Ce qu'on avait déjà nettement pu déceler dans son roman précédent, Un don, devient éclatant avec Home. Jamais Toni Morrison n'a écrit un livre aussi court et surtout aussi épuré. Dans Un don, on retrouvait encore son goût des ruptures (narratives, temporelles, stylistiques). Ici, plus du tout ou presque. C'est ce qui a pu faire dire à certains de ses admirateurs, même lorsqu'ils reconnaissent les grandes qualités de Home, qu'il manque à la fois de substance et de stridences. Je peux dire quant à moi que je fais partie de l'autre catégorie de lecteurs, celle qui trouve que ce roman bref et décanté est une manière de chef-d'oeuvre (pas au sens où il serait une somme mais bien plutôt une version raffinée de son oeuvre). Je souscris tout à fait à ce qui figure en 4ème de couverture de l'édition française, pour une fois bien inspirée de reproduire les critiques américaines (ici celle du New York Times) : "Ce petit roman est une sorte de pierre de Rosette de l'oeuvre de Toni Morrison. Il contient en essence tous les thèmes qui ont toujours alimenté son écriture. Home est empreint d'une petite musique feutrée semblable à celle d'un quatuor, l'accord parfait entre pur naturalisme et fable."
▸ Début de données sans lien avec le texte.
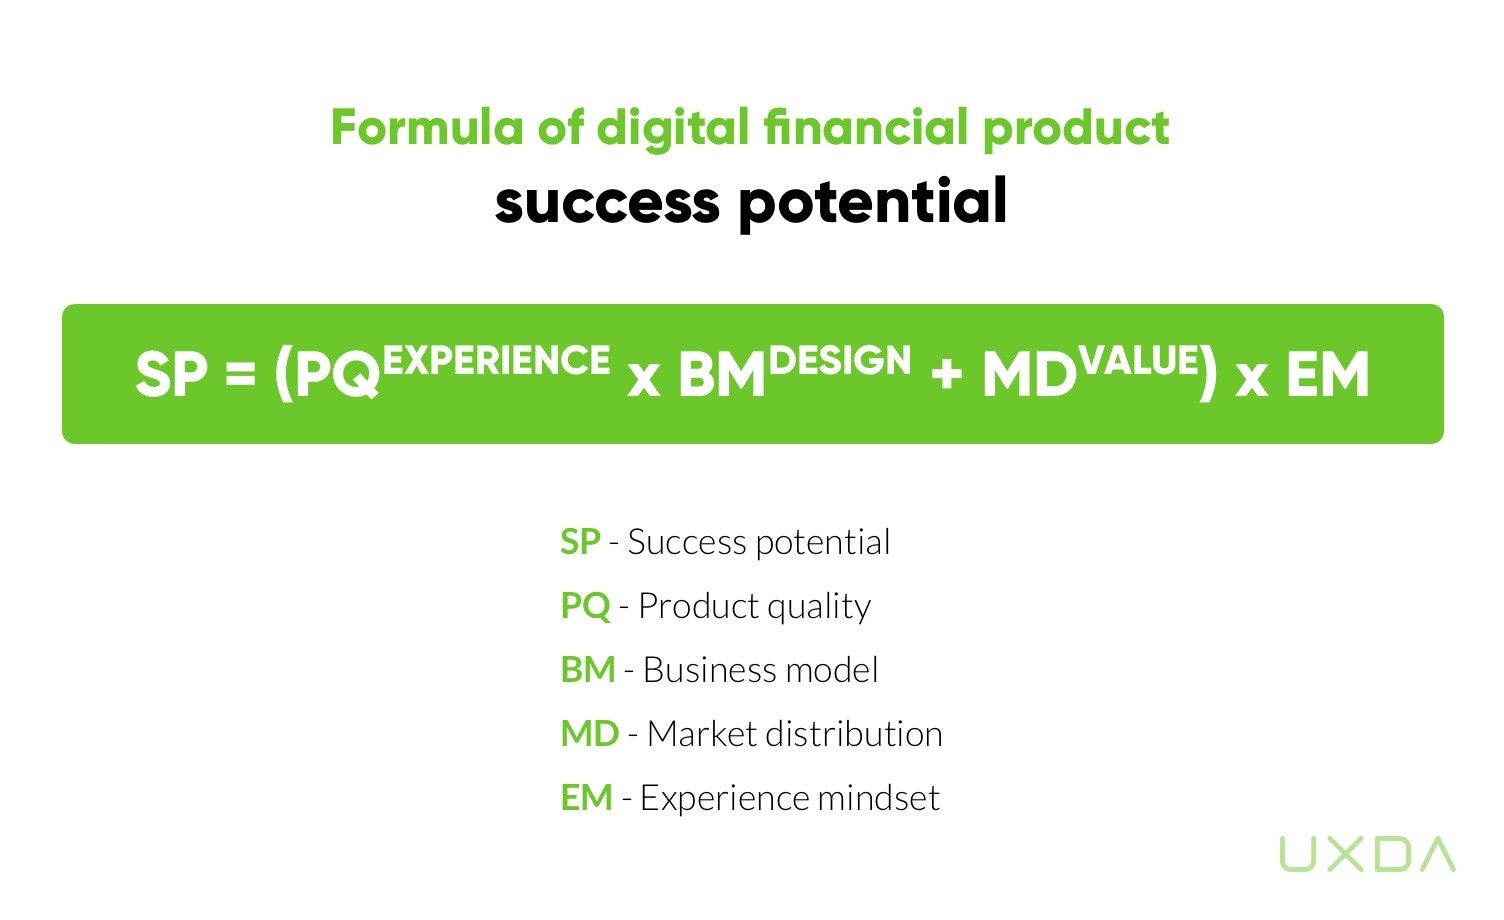 financial-ux-design-digital-product-8.jpg

Cela posé, de trois choses l'une. Si vous n'avez jamais lu de roman de Toni Morrison, pourquoi ne pas commencer par celui-là? Nettement moins complexe que d'autres, il se laissera plus aisément apprivoiser, ce qui ne vous empêchera aucunement de vous diriger vers les autres pour approfondir. Si vous avez déjà lu tout ou partie de ses romans, soit ce que vous aimez chez elle, c'est justement leur complexité et leur style plus ou moins heurté et par moments volontiers poético-poétique - auquel cas ce sera peut-être quitte ou double avec celui-là - soit vous n'avez pas d'attente particulière quant à la forme qu'elle peut adopter, et vous devriez pleinement trouver votre compte à ce roman quintessencié.
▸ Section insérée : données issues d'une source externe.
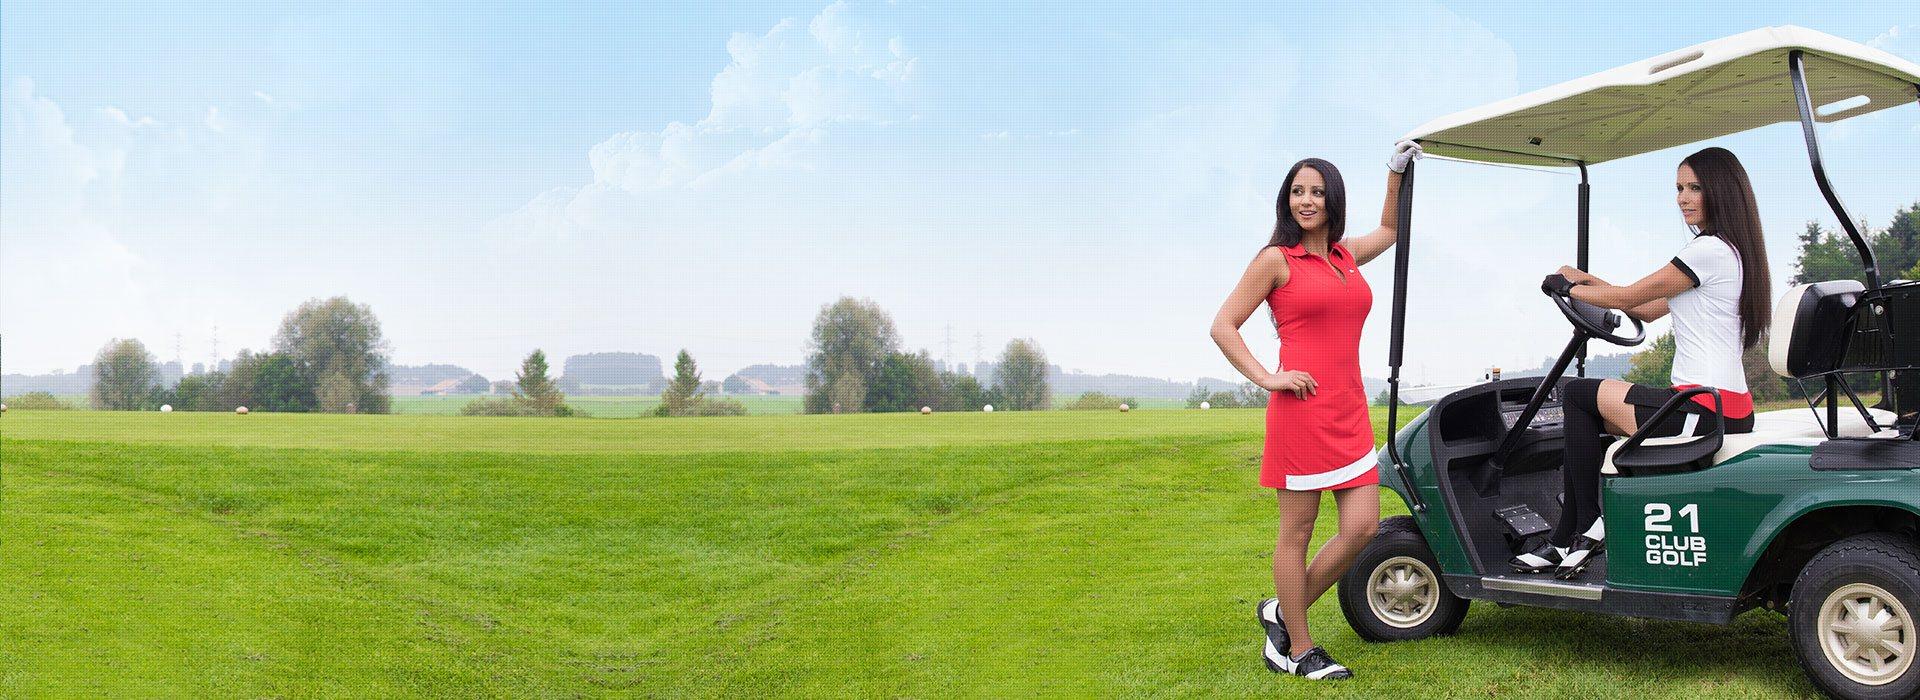 Golfkleid

Simple par son titre - mais Morrison a toujours aimé les titres ramassés, souvent des noms courts (Beloved, Sula, Jazz, Paradise...) - Home l'est aussi par sa structure. En italiques, un chapitre sur deux est écrit à la 1ère personne, celle de Frank Money, l'ancien combattant de la guerre de Corée (voir présentation de l'éditeur ci-dessus). L'autre, écrit à la 3ème personne, est consacré à un personnage différent à chaque fois (Frank ; sa soeur Cee qu'enfant il sur-protégeait et qu'il a laissée livrée à elle-même après s'être engagé ; Lenore, la grand-mère qui ne les a jamais aimés ; Lily, la femme que Frank rencontre à Seattle après être rentré de Corée). La seule entaille dans cette alternance signale le moment où tout se renoue. Car si Home est comme son titre l'indique histoire d'un retour - Frank va traverser une bonne partie des Etats-Unis pour retourner dans sa Géorgie natale - il est également le récit d'une guérison, pour la soeur moribonde comme pour le frère revenu dans un état d'indifférence que seuls viennent troubler des éclairs de violence ou d'absence.
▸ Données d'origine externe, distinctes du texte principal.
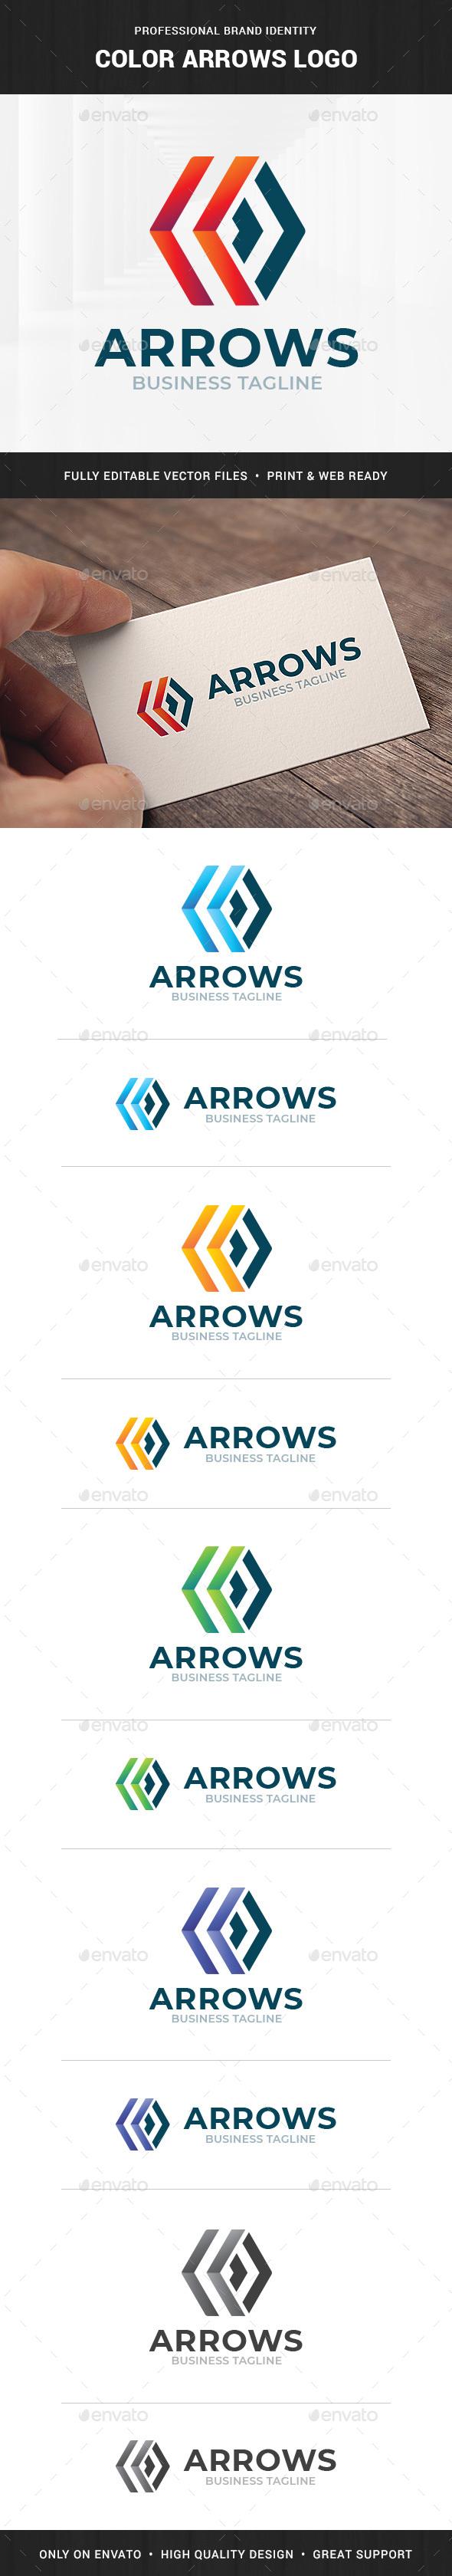 Color Arrows Logo Template

La grande réussite de ce roman réside, outre dans la puissance d'évocation de son style, dans le fait que Morrison ne cède jamais à la tentation de trop en dire. Bien que donnant toute sa place à un arrière-plan marqué, en romancière consommée elle traite sans trop en faire ses deux grands sujets (le retour au pays de l'ancien combattant, qui plus est noir dans "une armée intégrée qui est le malheur intégré" ; la condition des femmes noires dans un Etat du Sud ségrégué des années 50) et elle ne se laisse jamais aller au discours (cela n'a pas toujours été intégralement le cas dans certains de ses livres précédents). Quand ses personnages n'ont pour certains que quelques pages pour exister, elle les caractérise et leur donne une épaisseur immédiate. Par ailleurs, alors que son personnage souffre de perdre parfois entièrement le sens des couleurs et de ce fait ne plus voir le monde qu'en noir et blanc, elle réussit quant à elle à soigneusement éviter de le dépeindre en noir et blanc. Certes ses personnages rencontrent sur leur route des êtres malfaisants, mais si Home a bien des aspects de fable, il n'est aucunement une fable naïve identifiant clairement les gentils et les méchants. Notons pour finir que demi-teintes et économie stylistique ne signifient pas que le trait ne soit pas net. Il l'est, ce qui achève de faire de ce livre du grand art.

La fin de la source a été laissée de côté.